While I was passing by the hotel where I worked (which was closed for the weekend due to the storm, and now also due to the power outage), I noticed a man struggling to close one of the gates. As the dogs and I passed by, I recognized him as the hotel's general manager. I asked him how the building had weathered the previous night's storm surge, and he told me that the sea hadn't quite made it over the sea wall, and everything was still unflooded. However, there would be another storm surge during the next high tide, and it was expected to be higher.
The dogs and I went on our way, passing through the wind-tossed trees, which were shedding leaves and twigs at a fantastic rate, with the occasional good-sized branch thrown in. When we got back to the house at two-thirty, the power was still out.
7:30 PM
If you can't watch television and you can't surf the internet, you can still read books, and that's how I spent most of that stormy Sunday afternoon, perched in a chair next to my bedroom window. I finished Murray Leinster's Twists in Time and started Edmond Hamilton's Battle for the Stars. I was four chapters into Hamilton's space opera when the light from the window grew too dim to see by. It was seven-thirty in the evening, and I decided to take the dogs for another walk.
I walked the dogs through the dimming light. Most of the street lights were out, but apparently the city has a few that are hooked up to an emergency generator, and those provided an occasional island of artificial light. More light was shed by the headlights of passing cars, which acted like moving spotlights running through the otherwise almost-unlit city. Perrotti Park fronts on Newport Harbor, and as the dogs and I were passing through, I could see the sea, which was heaving like a freshman at his first kegger. We must still have been a few hours from high tide, because the sea was at least three feet below the top of the sea wall. I thought then that there was a distinct chance that the hotel would make it through the hurricane unflooded.
We were going up Thames Street towards Washington Square, and it was all dim night, lit by occasional car headlights and even more occasional street lights, and then . . . suddenly, there was an island of light and noise. The Brick Alley Pub had its own emergency generator, and it was lit up like Times Square and open for business. The sheer normality of it made it the strangest thing of all on that strange night.
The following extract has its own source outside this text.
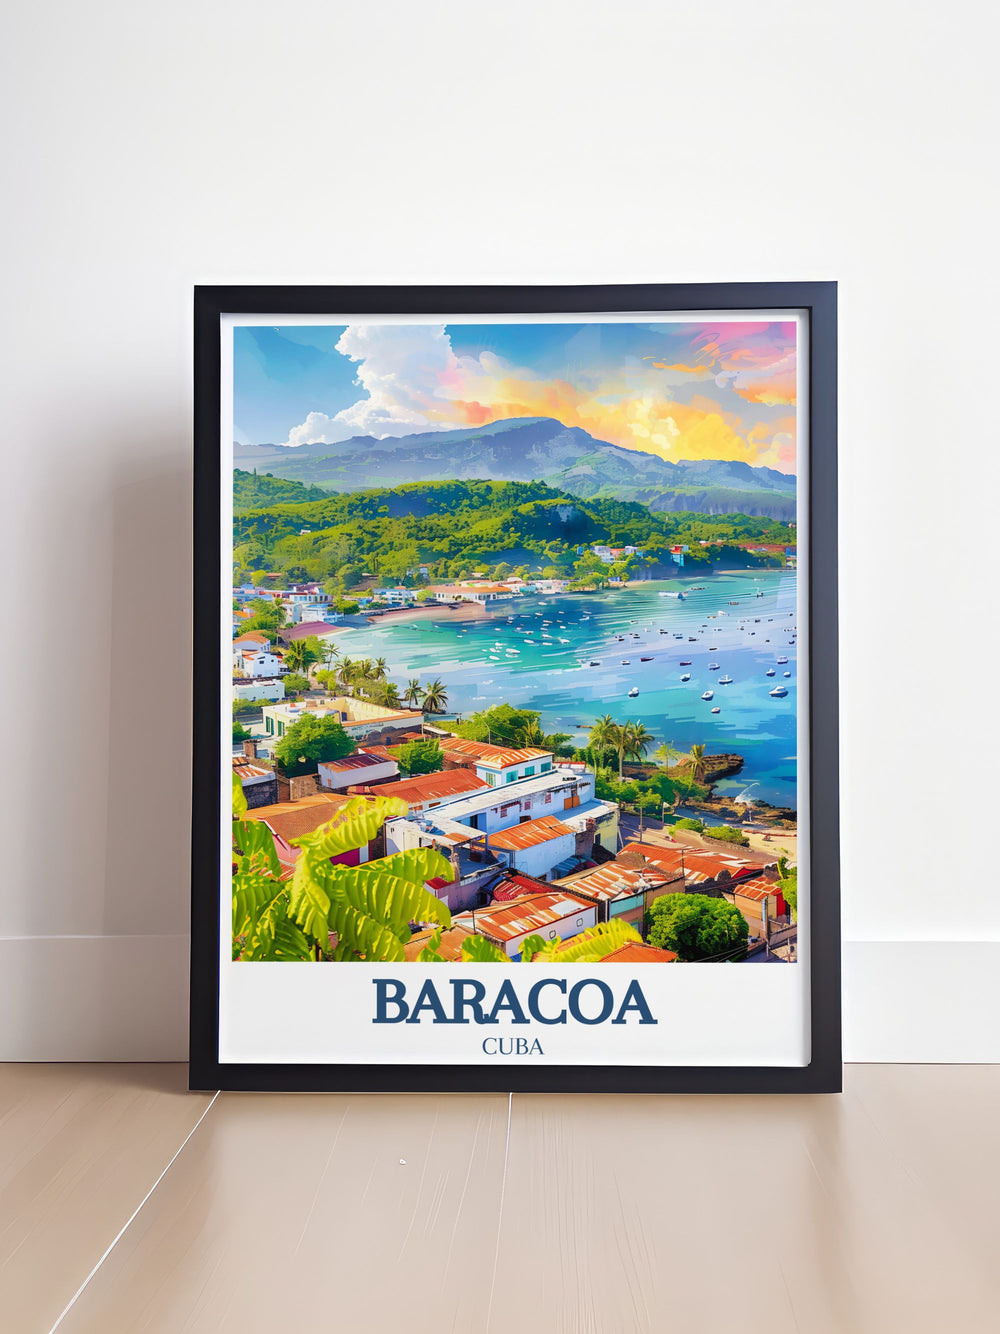 Beautiful Cuba print showcasing Baracoas majestic El Yunque Mountain, highlighting its lush vegetation and breathtaking views. Ideal for nature lovers and adding a scenic, adventurous touch to your living space.
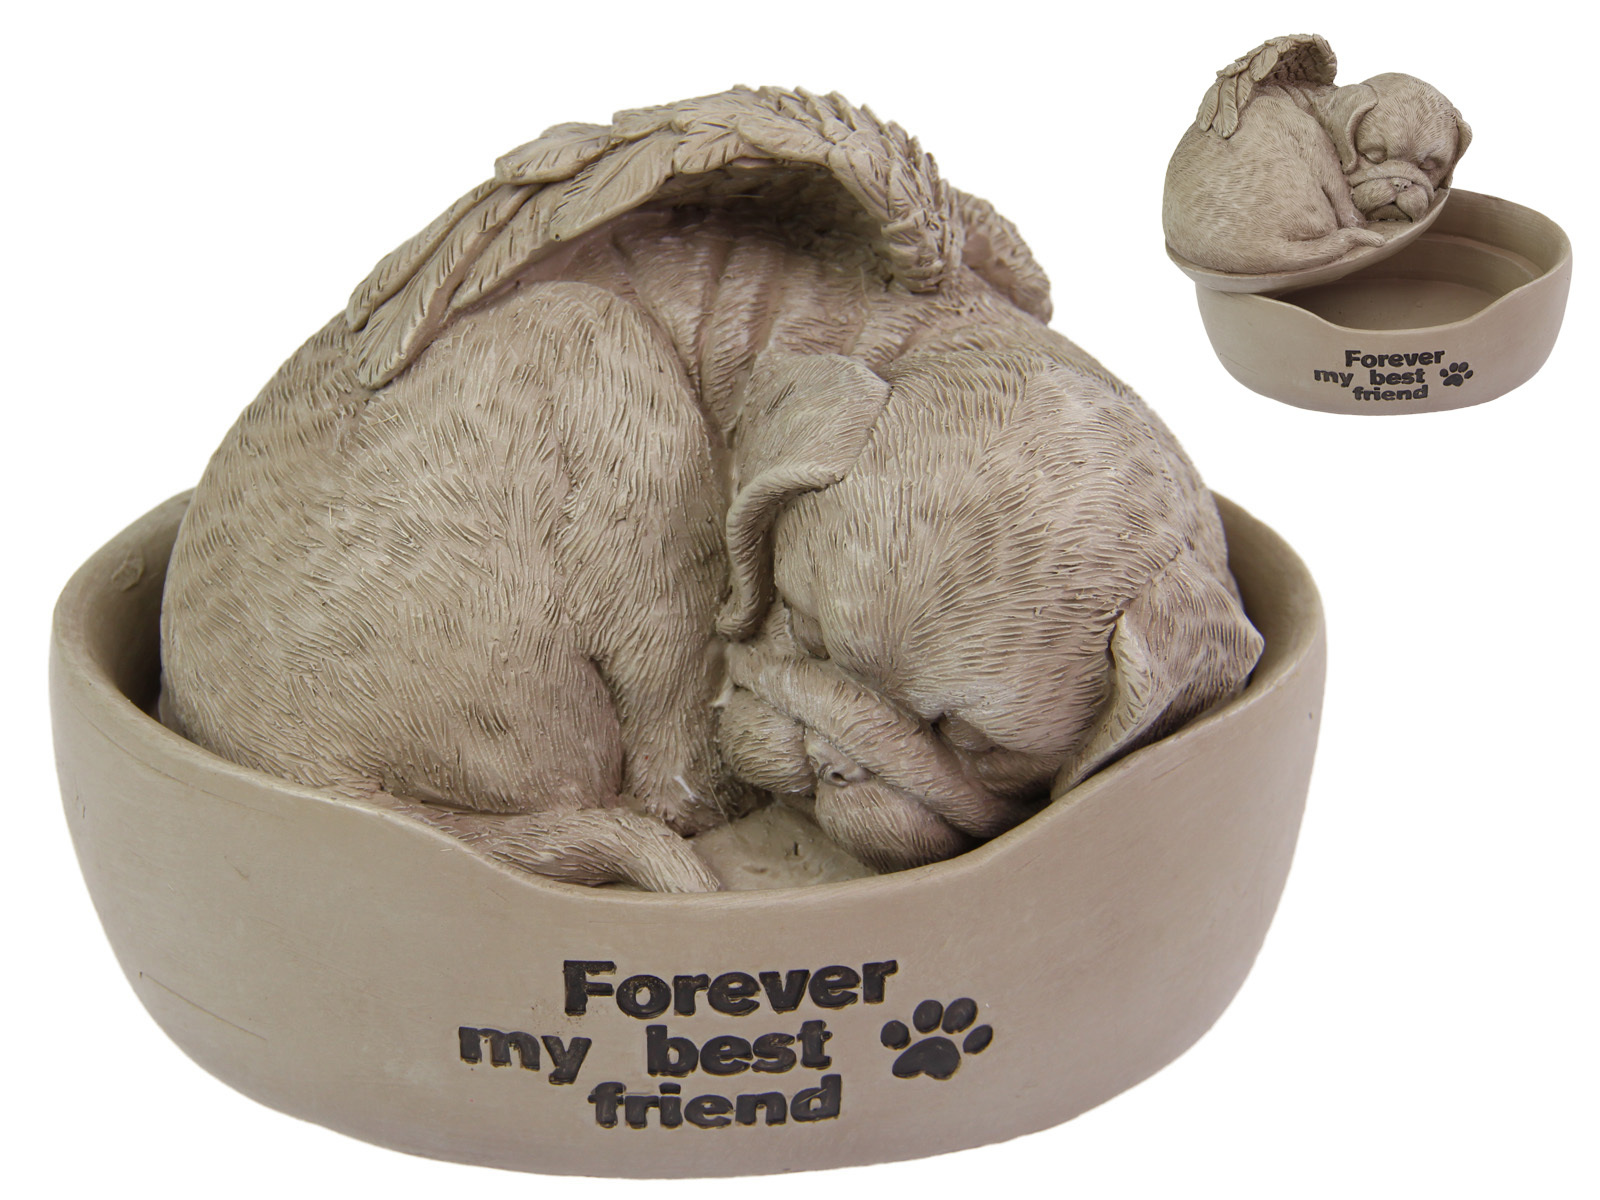 Ashes Urn Case For Dog Cremation Box 1pce 15cm Inspirational Plaque Resin

Eisenhower Park was so choked with fallen branches and so dark that I passed it by. The dogs and I made our way up Broadway entirely by the light of passing car headlights, until we reached City Hall, which also had its own generator, and was also lit, though not as extravagantly as the Brick Alley. The dogs and I paused there for a minute before starting on the final leg of our journey home. Back in the house, I fixed dinner for the cats by flashlight, then went upstairs to my bedroom with the dogs, lying down in the dark room and listening to the gusting wind and the occasional emergency vehicle rushing through the night.
1 comment:
I could see the sea, which was heaving like a freshman at his first kegger.
Bravo!
I finished Murray Leinster's Twists in Time
Sideways in Time is one of my all-time favorite tales.
Glad to hear you weathered the storm well.